Applying this equation every time we wish to calculate these probabilities seems onerous; fortunately R has a built in function to enable the calculation of the probability of k successes in n trials to be calculated using dbinom(k,n,p)\(= \)P(3 100) =$ 18.2276.

But what if we wanted to know the probability of 3 or more 50-year floods occurring in a 100 year period? We know that the sum of the probabilities of all possible numbers of 50-year floods occurring in 100 years must equal unity (this includes the probability of there being no 50-year events in a 100-year period), so \(P(3 \text{ or more in } 100) = P(3 \text{ in } 100) + P(4 \text{ in } 100) + ... P(100 \text{ or more in }100)\).

However, it would take a long time to apply each of these combinations into the first equation. We could take a different tack and just calculate the Probabilities of 0 in 100, 1 in 100 and 2 in 100 and take the sum of these probabilities away from 1: \(P(3 \text{ or more in } 100) = 1 - P(0 \text{ in } 100) + P(1 \text{ in } 100) + P(2 \text{ in } 100)\). However, this also seems a bit onerous, but fortunately we can again apply the dbinom(k,n,p) function and wrap a sum function around it: 1-sum(dbinom(0:2,100,1/50)) = 0.3233. In R we could also easily apply the first option directly, eg. sum(dbinom(3:100,100,1/50)). You will see this gives the same answer.

To understand the shape of this distribution you can wrap a plot function around the binom function for the points from 0:100. (The binomial distribution is computed at disctrete values, such as 0, 1, 2, … 100; for example, in 100 years, we can have 0 years or 1 year or two years and so on with a flood, but it makes no sense to talk about 2.45604 years having a flood. This means the pdf will not be continuous.) The blue dot in the following graph corresponds to the probability of 2 occurrences of 50 -year floods in 100 years.
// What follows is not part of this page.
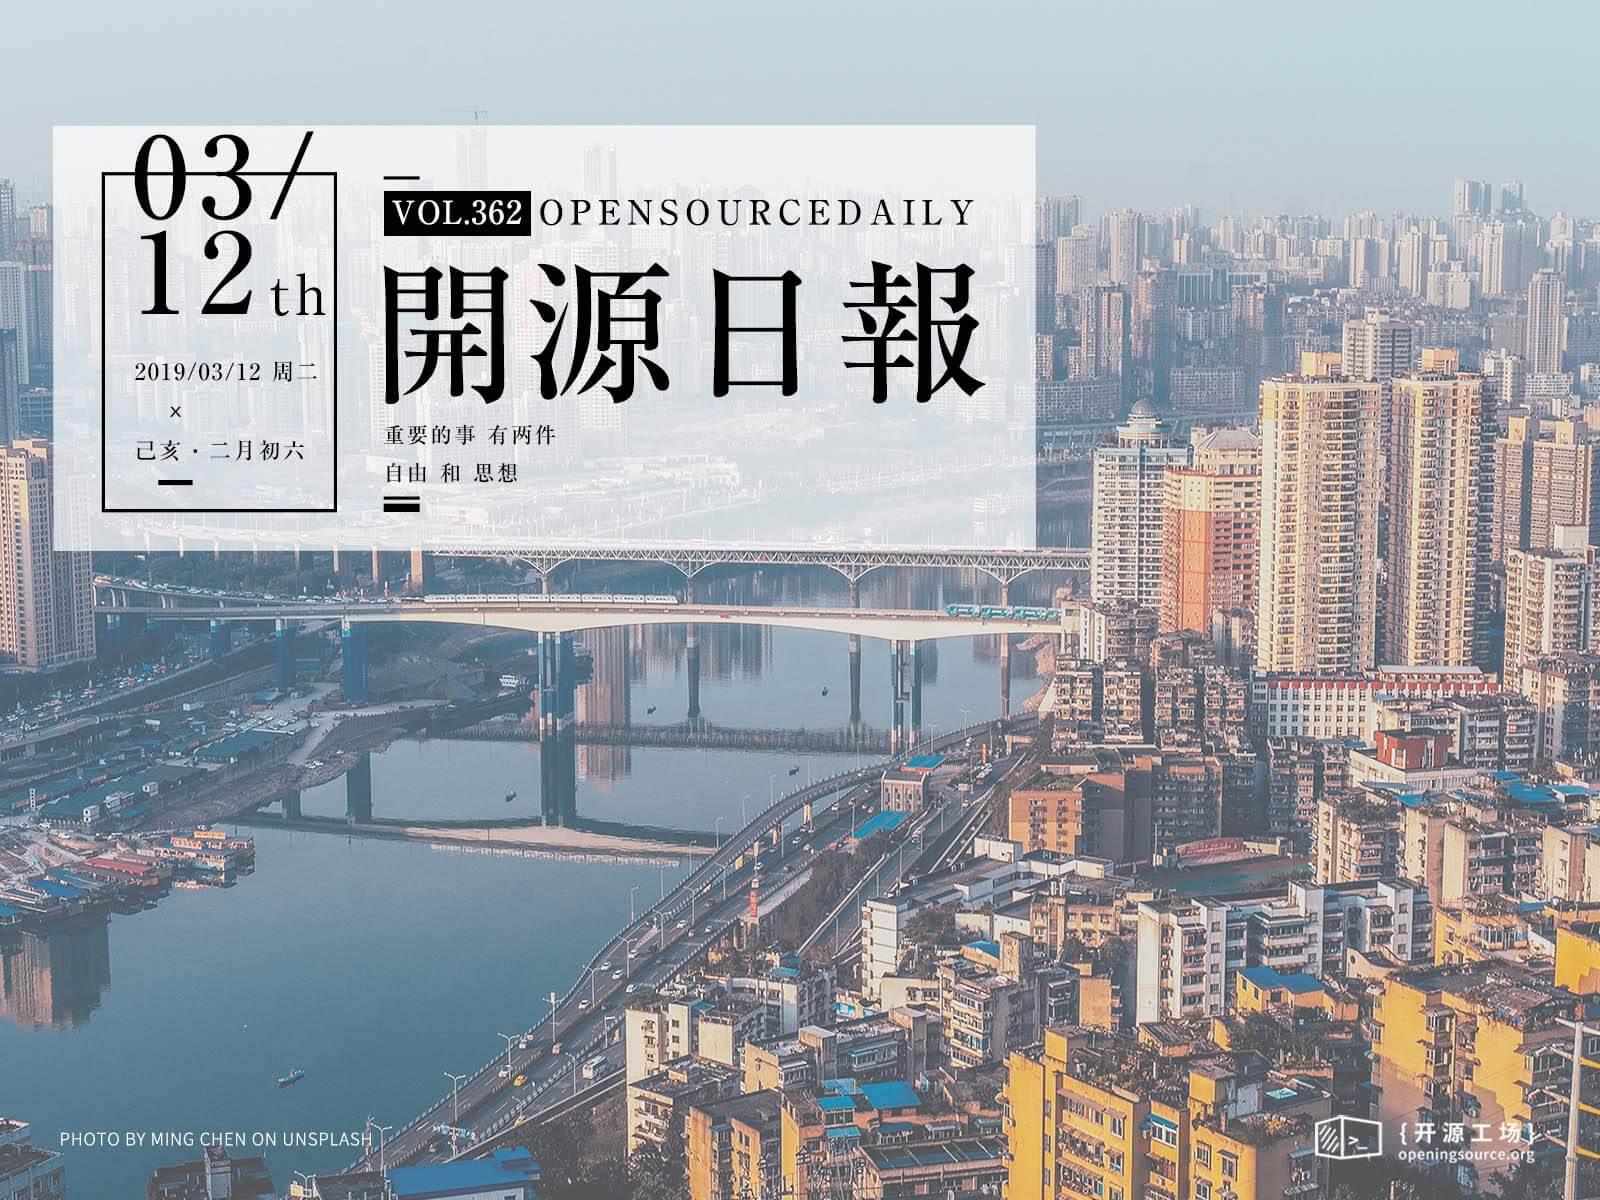 2019年3月12日:开源日报第362期

It makes sense that this has the highest probability, given that, on average, we could expect two 50-year floods in any 100 year period.

 x <- seq(0, 100, 1)
plot(x,dbinom(x,100,1/50),col="red",lwd=3,type="h", las=1, xlab="Number of Occurrences of 50 Year Floods in 100 Years", ylab="Probability of Occurrence", main="Probability Distribution for number of \n Occurrences of 50 Year Floods in 100 Years")

points(2,dbinom(2,100,1/50), pch=19, col ="blue")

plot of chunk unnamed-chunk-6

Exercise: If you were asked to design a bridge to be safe during a 50 Year flood, what is the chance that the design flood will be exceeded four or more times in a 100 year period?

In design however, we are most interested in the probability of occurence of 1 or more ‘failures’ in n years. Using the previous logic, this equates to:

\(P(1 \text{ or more in } 100) = 1 - P(0 \text{ in } 100)\)

Applying the previous relationships yields:

\(P(1 \text{ or more in } 100) = 1-\frac{n!}{0!(n-0)!}p^0(1-p)^{n}=1-(1-p)^{n}\) (since \(0! = 1\) and \(p^0 = 1\)). Therefore the probability of one or more 2000 year floods in a 30-year period is given by: \(P(1 \text{ or more in } 30) = 1- (1-\frac{1}{2000})^{30} = 0.0149\) or 1.49%

Again we can use the dbinom function to calculate this: 1-dbinom(0,30,1/2000) = 1.49%.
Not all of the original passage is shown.